The evidence evaluated in this SR shows a strong consensus that PRP injections are superior to CS injections for long-term treatment of LE. However, these results have certain limitations. One limitation is the variability of contents and preparation for both PRP and CS injections in all studies. It is important to note that even though certain methodological details were inconsistent across the studies, all 5 reviews yielded similar results. Furthermore, these limitations we have identified are primarily due to reporting practices.

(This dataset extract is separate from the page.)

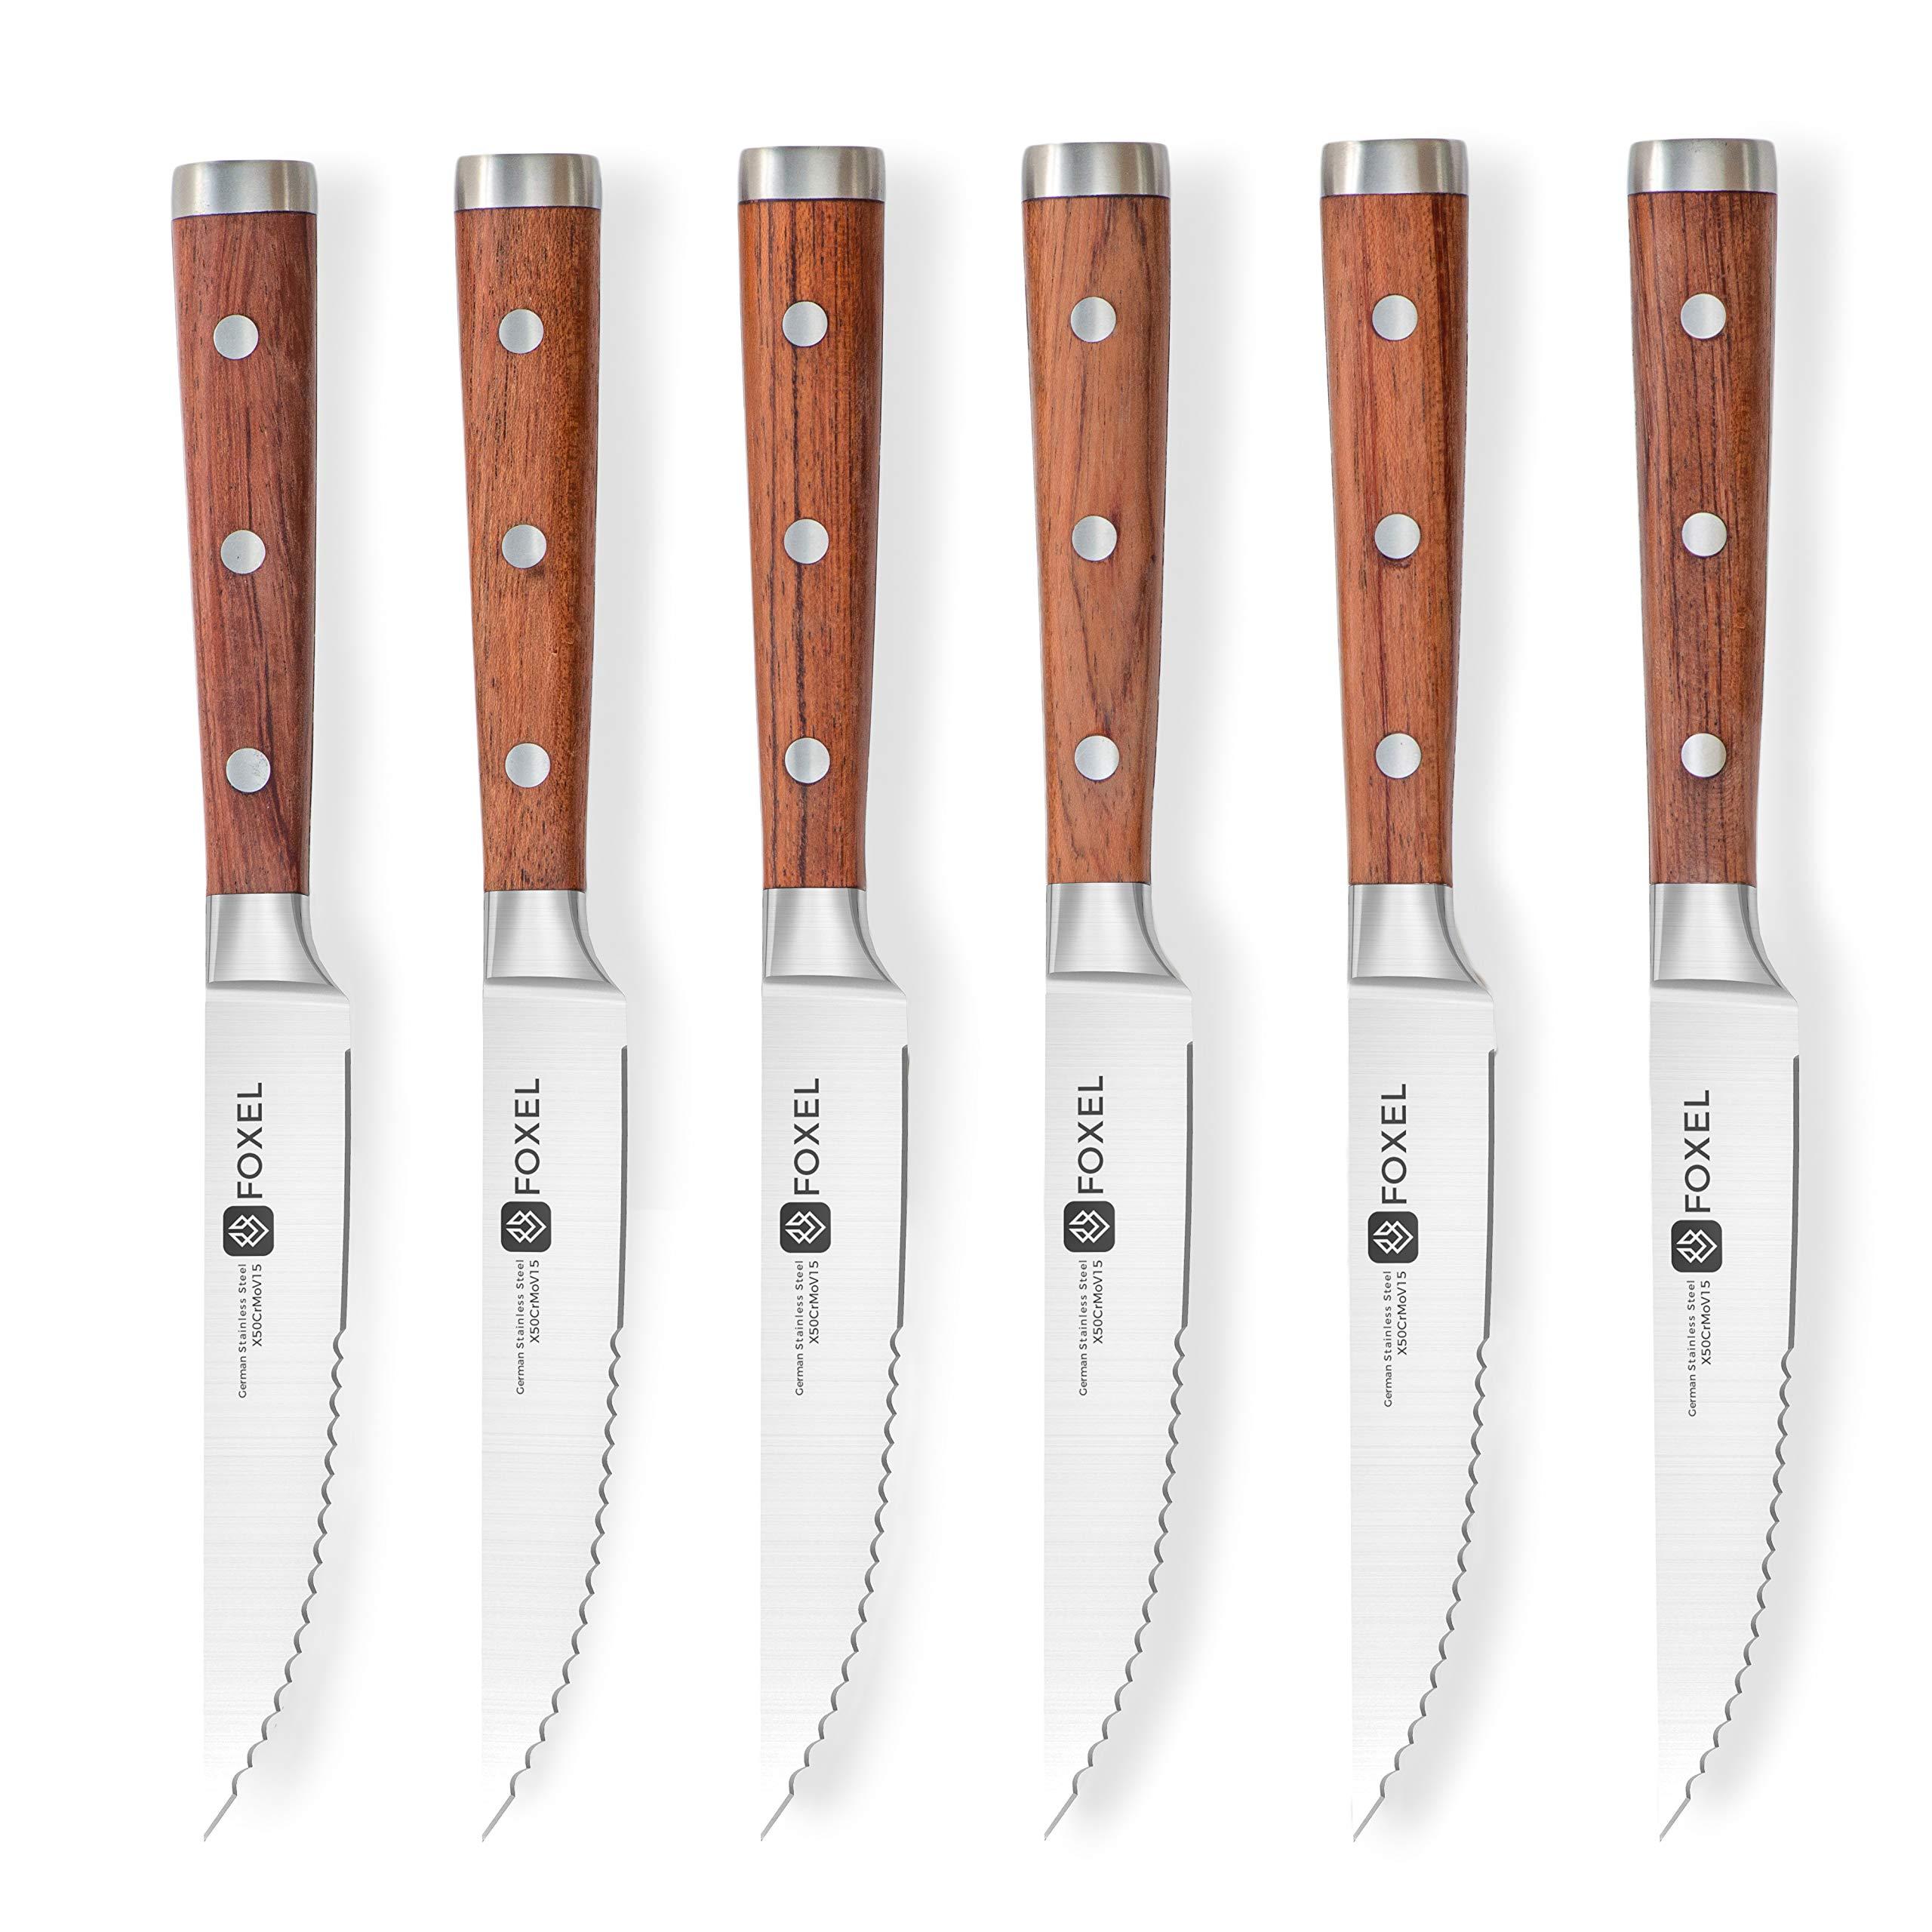 Steak Knives Set of 6 or 12 - Stainless Steel Serrated Steak Knife Set - German Steel Blade Natural Rosewood Full Tang Handle - Steak Knifes Gift Box Set - Not Dishwasher Safe by FOXEL

Therefore, the authors encourage authors of future clinical trials utilizing injection therapies to include information regarding their injection parameters (e.g. dose, centrifuge time, drug concentrations, injection technique).
CONCLUSION
In conclusion, the results of this systematic review of SR demonstrates that PRP is a superior long-term treatment option for LE when compared to CS, while CS has been proven to create a short-term decrease in pain. Further research should be conducted on specific PRP procedures such as preparation and injection methods, platelet concentrations, and centrifugation time to determine whether certain methodological protocols are more effective than others at decreasing pain and improving function in LE. Furthermore, longer follow-up periods should be used in future research to understand the full extent of the long-term effects of PRP injections, specifically the duration of the effects and if patients require a secondary injection. Based on the evidence presented in these SR’s, PRP is an efficacious long-term treatment option for reducing pain and improving function for patients with LE who have otherwise failed conservative management.
Conflict of interest disclosure
None of the authors have any conflicts of interest pertinent to this manuscript to disclose.